The Altair Community is migrating to a new platform to provide a better experience for you. In preparation for the migration, the Altair Community is on read-only mode from October 28 - November 6, 2024. Technical support via cases will continue to work as is. For any urgent requests from Students/Faculty members, please submit the form linked here
generate a subset of wordlist based on a given weight table
winecoding
Member Posts: 6 Contributor II
I have generated a wordlist file based on the processing a document corpus. The following is a screenshot of part of the wordlist file.. Thare are around 15000 rows(15000 different tokenized words). Based on the feature selection method, I already have a list of words that should be kept. This list only contains 500 words, and is saved in the weight object. How can I join this two items, a wordlist and a weight table to generate a short wordlist which only has 500 rows.
Tagged:
0
Answers
Hi,
it's relativly easy to filter the wordlist and get an example set with only those fullfilling a weight requierement. However, i don't know away except execute script to turn this into a wordlist again.
Could you explain why you need to do this, and why it is no option to use Select by Weights on the resulting table?
~Martin
Dortmund, Germany
Hi Mschmitz,
Thanks for the reply.
The following is the current prediction script. The Retrieve operator (circled with red) retrieve the original wordlist, which for instance has about 15000 words. By combining with stored weight the example set passed to Apply Model operator has a reduced size.
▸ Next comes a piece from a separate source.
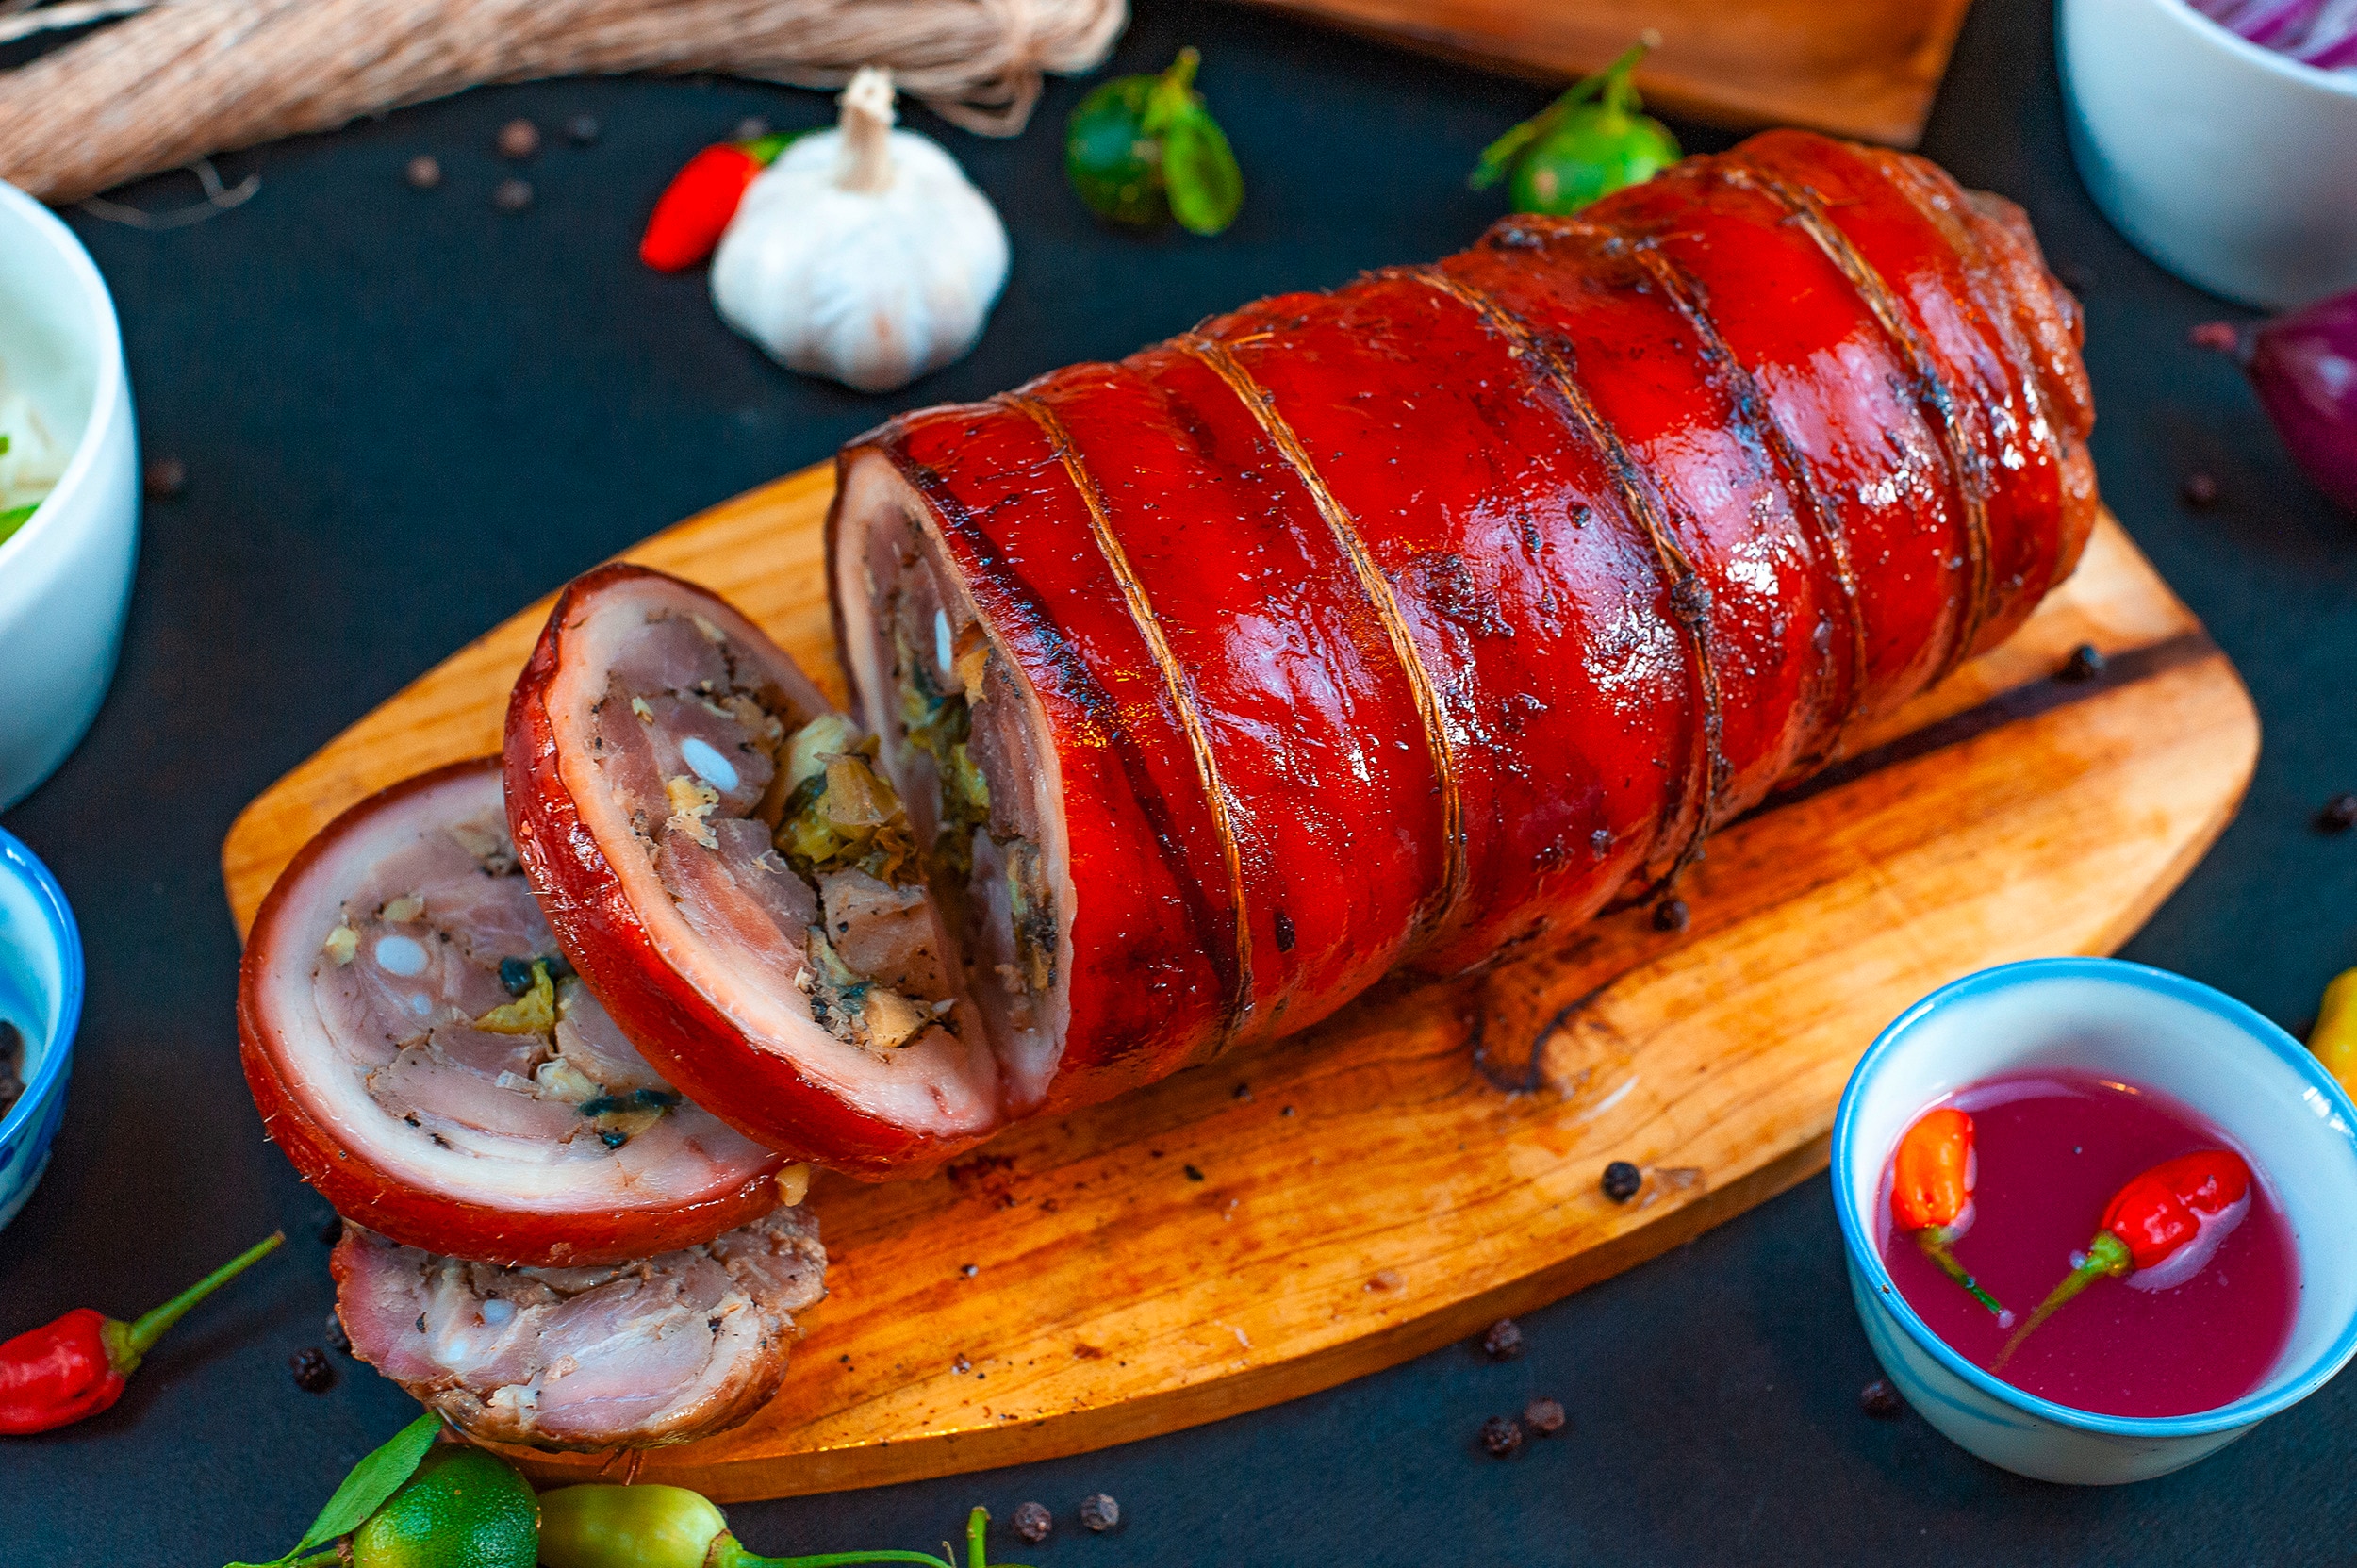 A wooden board with roasted and stuffed lechon belly roll

However, if I can reduce the original wordlist offline. For instance, I get the reduced wordlist based on the stored weight table before launching this prediction script. The passed wordlist will be a filtered one, which has about 500 words based on the top weights. Then I don't need including the part (circled with yellow) altogether.
It's possible to make a wordlist from an example set containing 500 examples each representing a word as follows
Here's an example
Heh, I hadn't thought about doing it this way but I think that works. You can then pass the weighted words back into a Process Documents to Data operator and then output the WordList for scoring. Sweet!
Hi Andrew,
i do not think that this works like it should, since you would need to process the whole data again. if you only throw in the list of attributes as an example set, you would not get proper normalization factors for TF/IDF.
~Martin
Dortmund, Germany
I don't know what the use case is from the OP but maybe they don't need TFIDF, maybe the can use Binary Occurances?
Thank you for your response, let me try your suggestions. I use binary occurrence.
Hello Martin
It's not exactly clear why the OP wants to do this - but the technique definately works if you want to create a word list from an example set that was originally derived from a word list but which has been reduced in some way. The last book chapter I wrote did this extensively.
regards
Andrew
Hi awchisholm,
Thank you for the reply. I just have one question regarding this approach.
I am saving the generated weight object into a csv file, and can keep the top 500 words, and make it as a text data file (each row represents a file) for Rapidminer to process. However, generating the wordlist object need the example set to have class information. The weight file itself does not have label information. The original training process is built for a six class categorization work. How can I solve this kind of discrepancy?